Если надписи первой половины V в. до н. э. говорят о существовании в Элиде Совета Пятисот (IvO. 7, cf. IvO. 3), и для этого времени известно о десяти элейских филах[15], то в 420 г. до н. э. мы находим у Фукидида уже Совет Шестисот (Thuc. V.47.9), и это число также соотносится с двенадцатью филами: чтобы сформировать представительный орган из шестисот членов, требуется избирать от каждой филы по пятьдесят человек. Вполне логично предположить, что порядок избрания в Совет и на должности в рассматриваемое нами время совпадали. Следовательно, число фил увеличилось с десяти до двенадцати уже к 420 г. до н. э. Поскольку элейские филы в V–IV вв. до н. э. имели территориальный характер[16], увеличение числа фил должно было быть следствием увеличения территорий, включенных в состав элейского полиса. Такие территории в регионе как раз имелись: это, прежде всего, Писатида. Именно эта область уже не была периэкской территорией к концу V в. до н. э., когда по итогам элейско-спартанской войны периэки получили независимость от Элиды. Вероятно, и другие территории (например, гавань Фея и прилегающая область Нижнего Алфея, также оставшиеся за элейцами), прежде не входившие в состав земель элейского полиса, могли быть включены в его состав в течение промежутка времени между 471 и 457 гг. до н. э. (Roy 1997a: 284), что, вероятно, связано с упоминаемыми Геродотом и Павсанием событиями (Hdt. IV.148; Paus. V.10.2–4).

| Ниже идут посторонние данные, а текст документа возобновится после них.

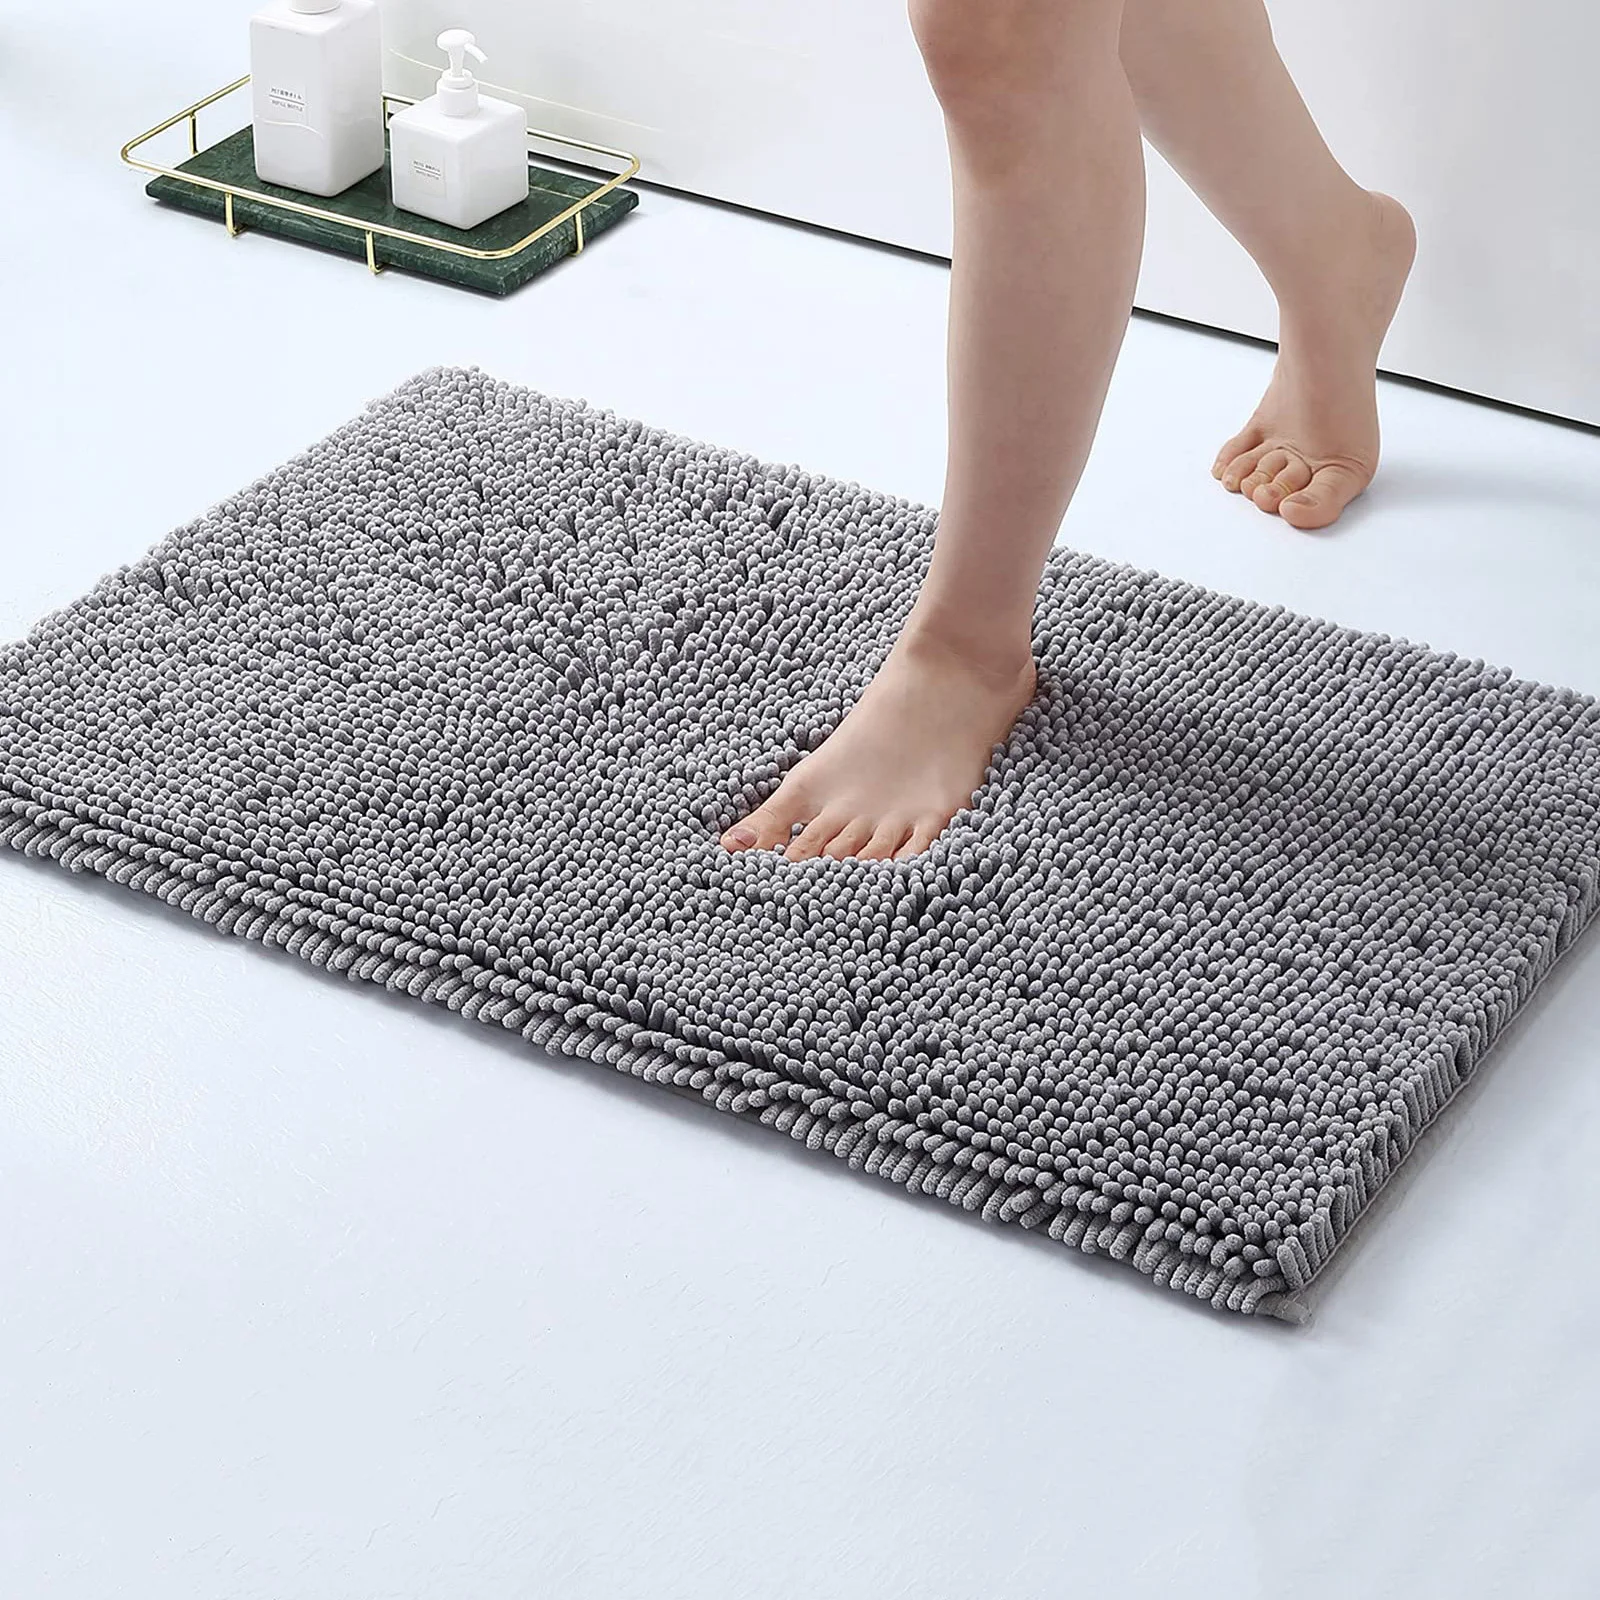 https://ae01.alicdn.com/kf/Sbe44aedcb2aa4fb59e8cf386e51287adI/Homaxy-Chenille-Bath-Mat-Thicken-Non-Slip-Bathroom-Rug-Soft-Floor-Foot-Carpet-Absorbent-Quick-Dry.jpg

Таким образом, античная традиция рисует следующую динамику развития должности гелланодика в исторически обозримом прошлом: от Ифита и до 580 г. до н. э. – один агонофет, с 580 по 480 гг. до н. э. – двое, в 480–472 гг. до н. э. – девять, с 472 г. до н. э. – десять, чуть позже (до 457 г. до н. э.) и по 368 г. до н. э. – временно число гелланодиков возросло до двенадцати, а затем, в 364 г. до н. э., сократилось до восьми, и после 348 г. до н. э. их снова стало десять.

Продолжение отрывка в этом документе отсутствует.